| Data segment |
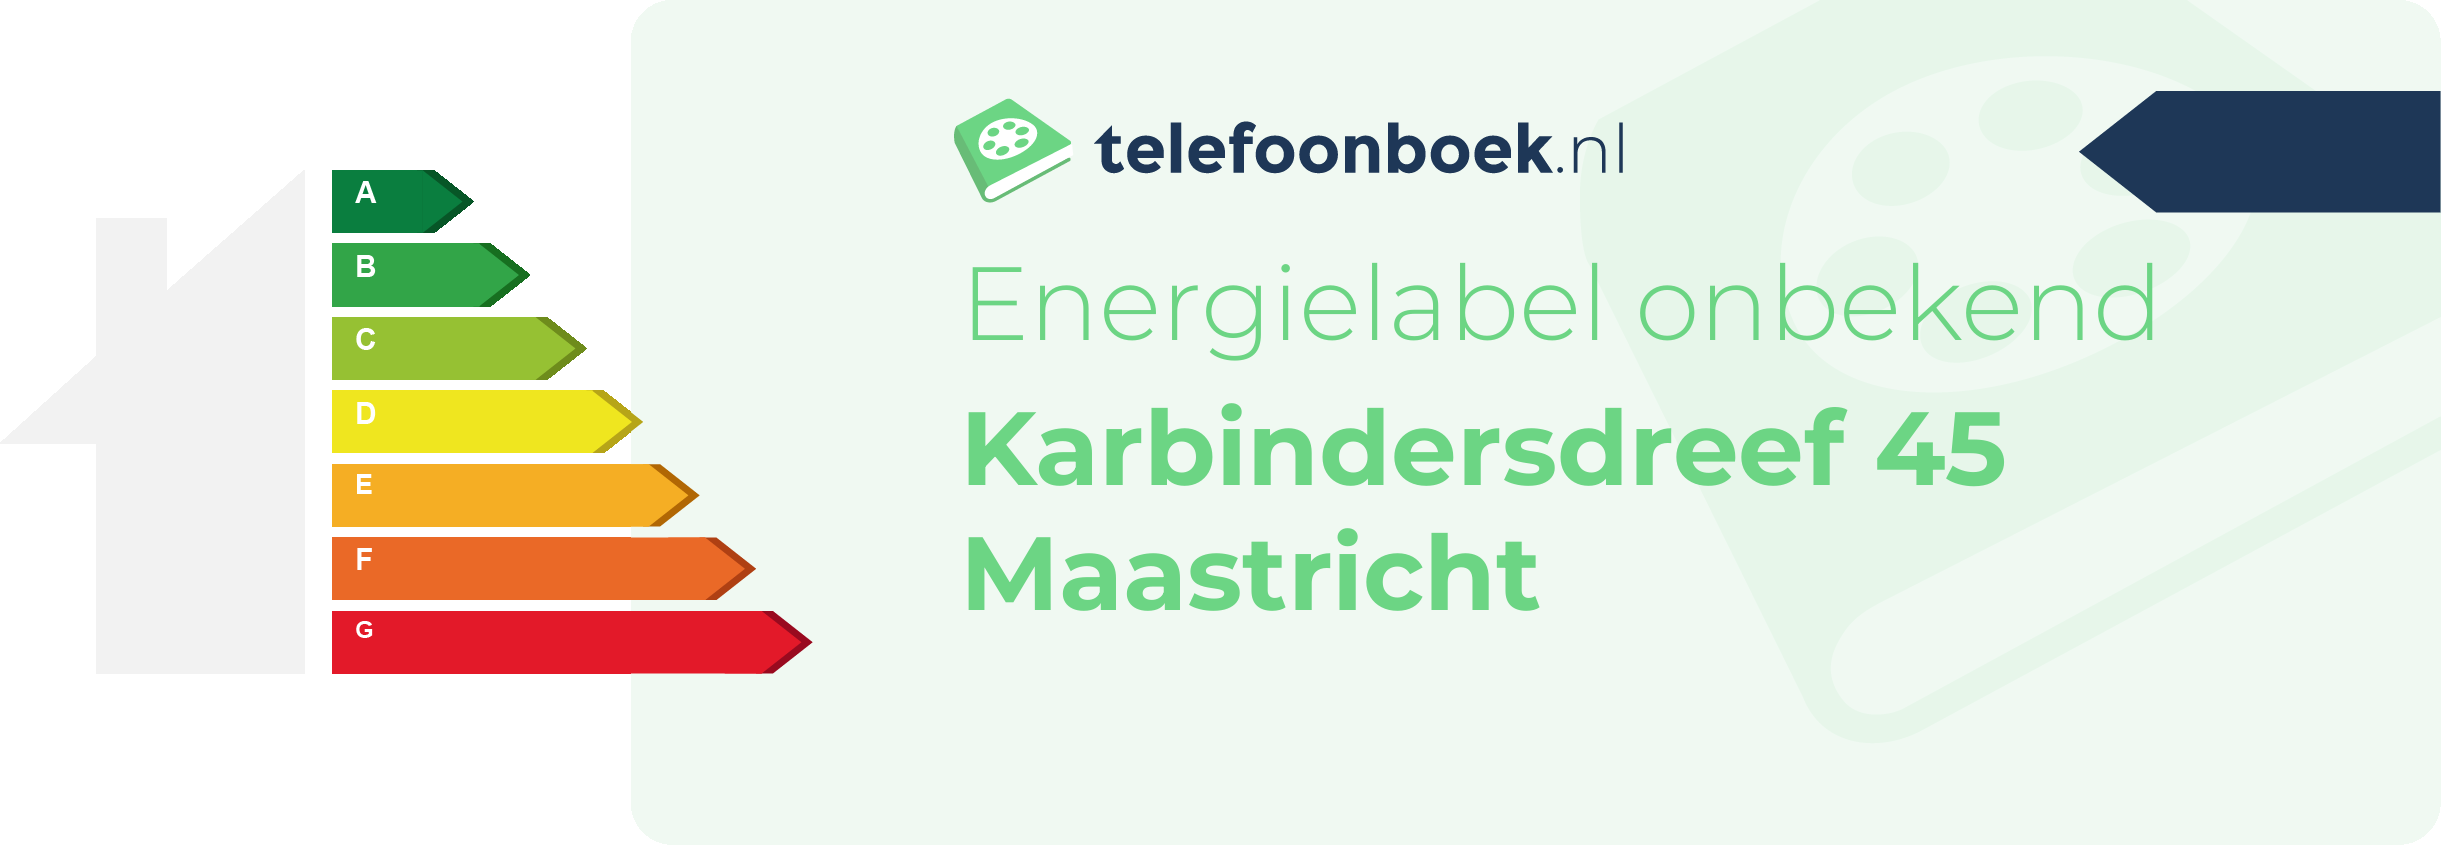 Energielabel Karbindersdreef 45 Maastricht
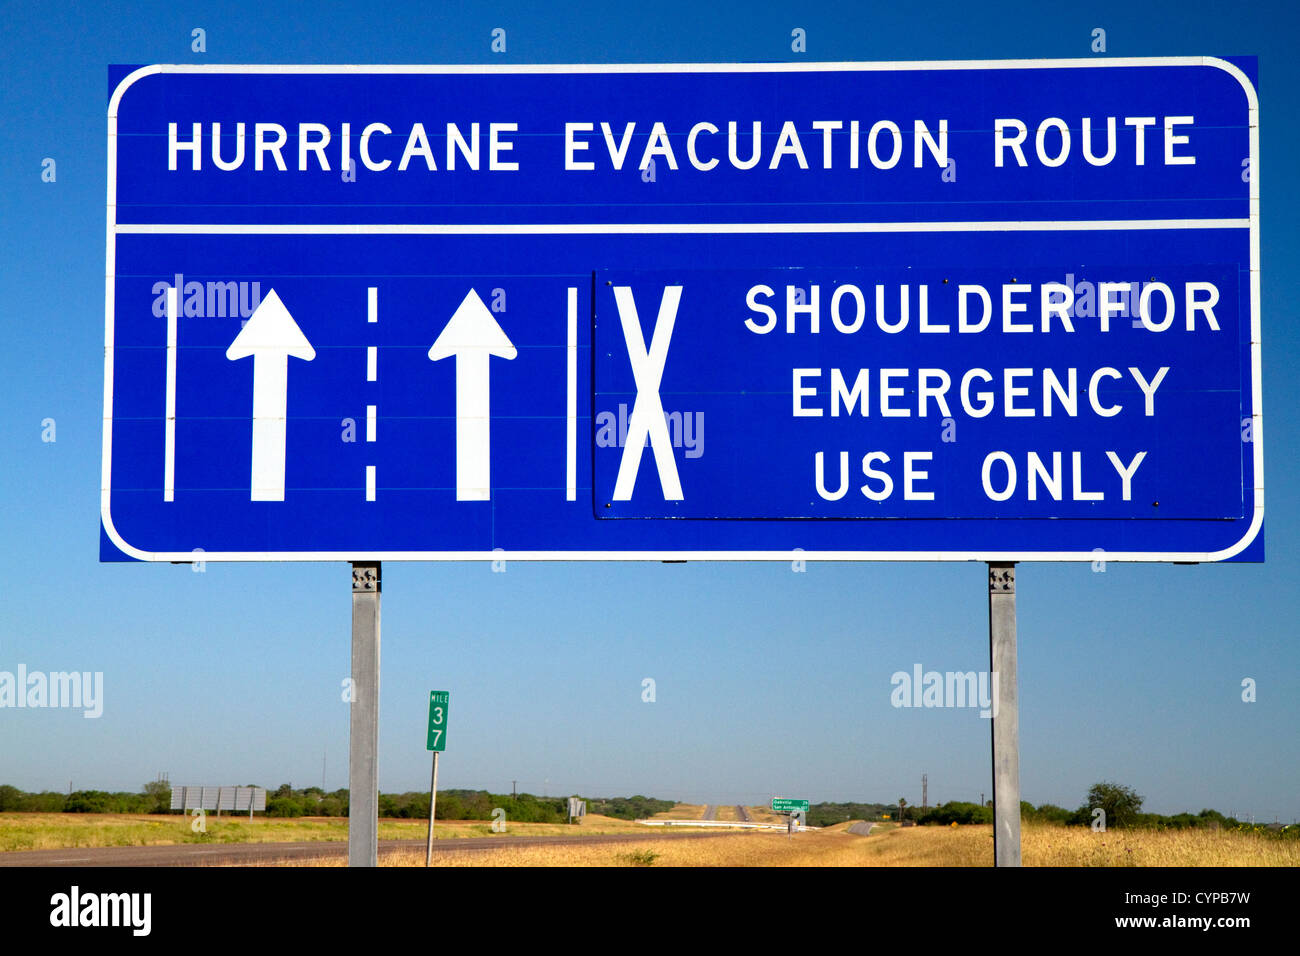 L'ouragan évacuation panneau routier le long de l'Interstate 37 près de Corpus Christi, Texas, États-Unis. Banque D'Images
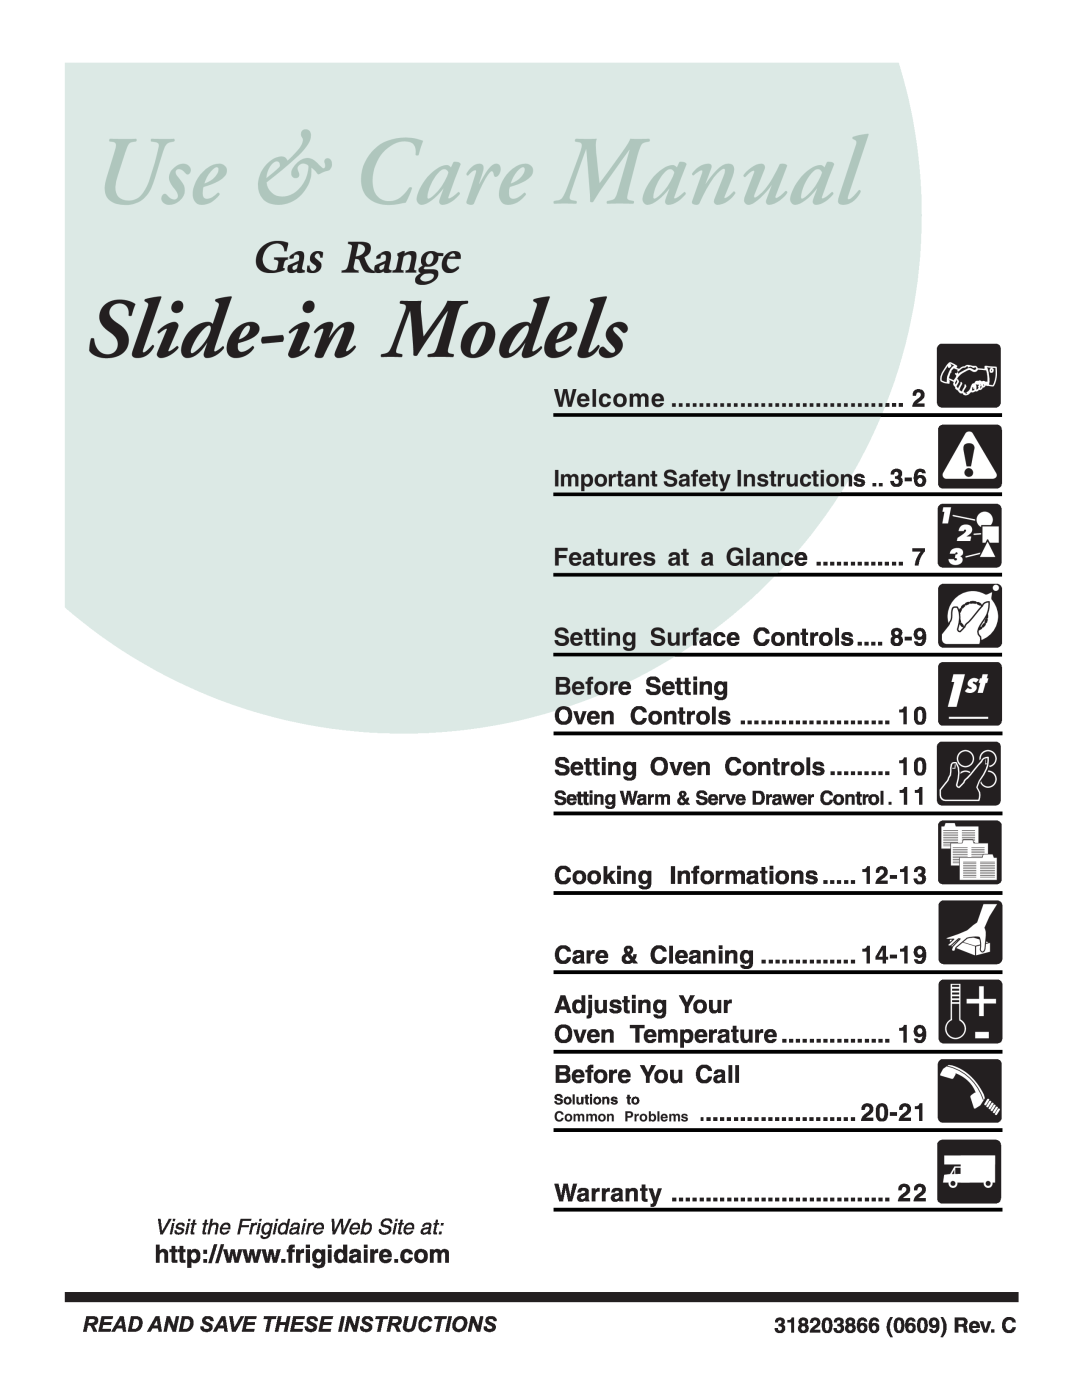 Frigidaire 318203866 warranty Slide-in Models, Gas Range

| Work to be completed |
Retype each line of the listing above word for word. Exclude the pictures.

| Solution to the problem |
 Energielabel Karbindersdreef 45 Maastricht
 L'ouragan évacuation panneau routier le long de l'Interstate 37 près de Corpus Christi, Texas, États-Unis. Banque D'Images
 Frigidaire 318203866 warranty Slide-in Models, Gas Range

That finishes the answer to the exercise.